Arguing that testimony from five other accusers unfairly biased the jury against the 82-year-old comedian at his trial last year, the defense is scheduled to ask the Superior Court to grant Cosby a new trial at a 2 p.m. hearing here.

“This evidence was used to strip Cosby of his presumption of innocence and try to establish that Cosby had the propensity to sexually assault women,” his attorneys — Kristen L. Weisenberger, Brian Perry, and Sarah Kelly-Kilgore — wrote in recent court filings. “(It) never should have been admitted at trial.”

But prosecutors maintain that the women’s testimony was not only proper but crucial to establishing Cosby’s “signature” pattern of drugging and then assaulting young women who came to him seeking career advice.

His 2004 assault of central accuser Andrea Constand “was the culmination of a decades-long pattern of behavior,” Montgomery County District Attorney Kevin R. Steele has said in court papers.

The Superior Court panel is unlikely to rule during Monday’s hearing, which Cosby is not expected to attend. He remains jailed at a state correctional facility in western Montgomery County, serving the minimum three-year prison sentence he received in September.


Whatever the court decides, more is at stake than one aging comedian’s future. The questions raised by Cosby’s legal team strike at an area of law that is rapidly evolving as a parade of high-profile men have found themselves in court facing similar assault claims.

As the likes of Hollywood producer Harvey Weinstein and singer R. Kelly have been brought down by criminal assault charges in the last two years, the question of what role, if any, old allegations that fall outside the statute of limitations should play in their criminal trials has emerged again and again.

Pennsylvania law allows such evidence only in limited cases that show an alleged crime was part of a larger pattern, not a mistake or to rebut defense claims.

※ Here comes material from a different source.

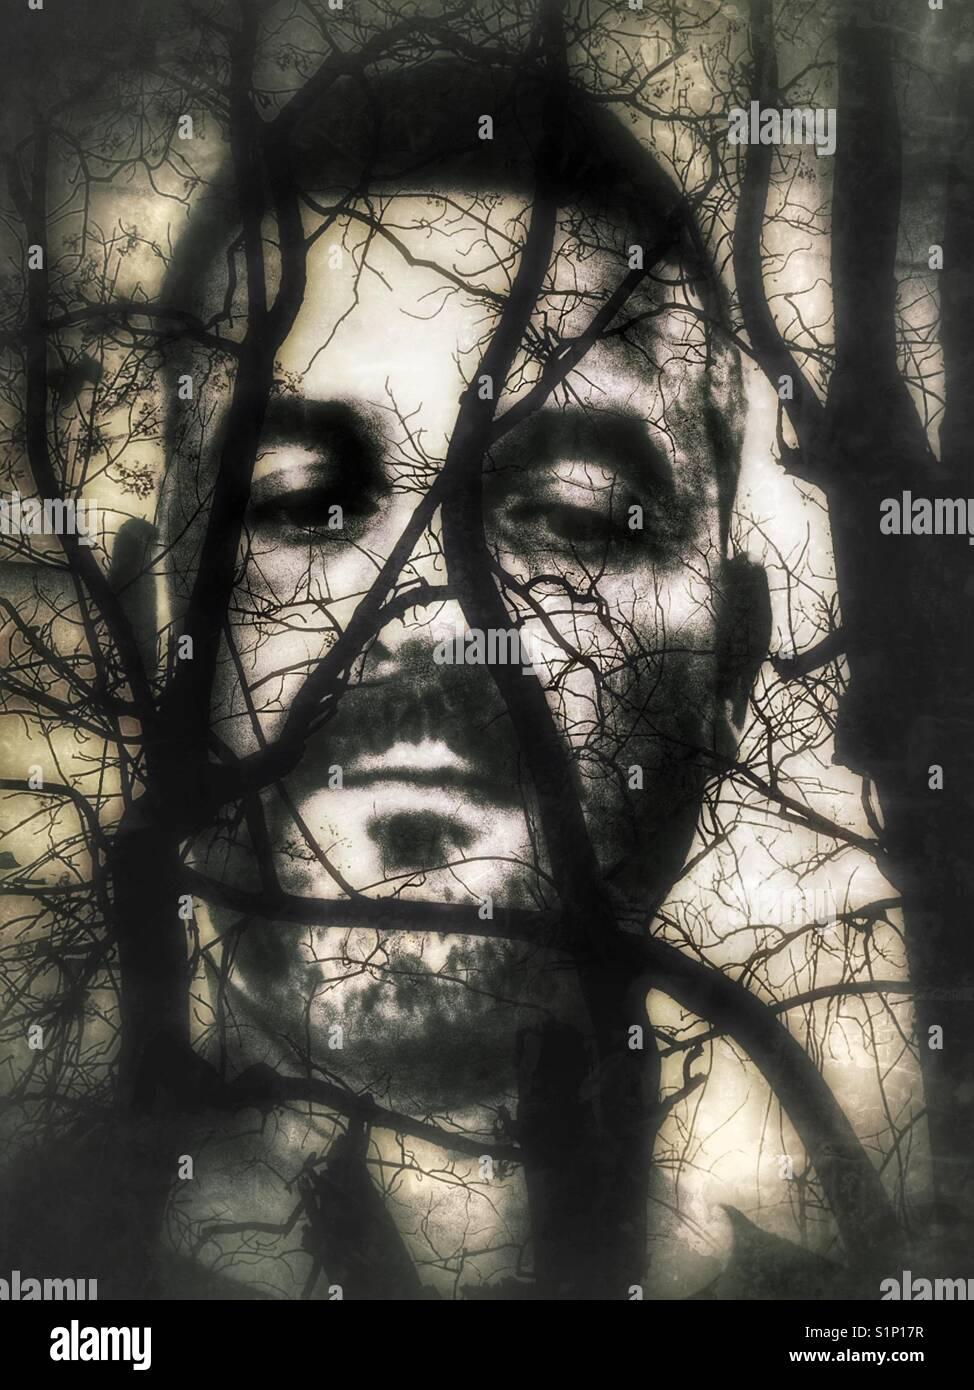 Multi exposición conceptual de un adulto masculino rostro detrás de las nudosas ramas de árbol. Imagen De Stock

Prosecutors charged Cosby with only the 2004 assault of Constand, a former Temple University employee, at his Cheltenham mansion. But they sought to bolster her claims that Cosby had drugged and assaulted her with testimony from the five other accusers — each alleging similar incidents dating back as far as the 1970s.

At his retrial in April, jurors heard from supermodel Janice Dickinson, who alleged that Cosby attacked her in 1982 at a hotel in Reno, Nev., where he had invited her under the auspices of offering career advice; and Chelan Lasha, a onetime aspiring model and actress who said she had been attacked when she met the comedian as a 17-year-old.

In an opinion issued after the verdict, Common Pleas Court Judge Steven T. O’Neill said he allowed that additional testimony because the accounts of the other women shared “chilling similarities” that pointed to a “signature” crime.

“In each instance, (Cosby) met a substantially younger woman, gained her trust, invited her to a place where he was alone with her, provided her with a drink or drug, and sexually assaulted her once she was rendered incapacitated,” the judge wrote.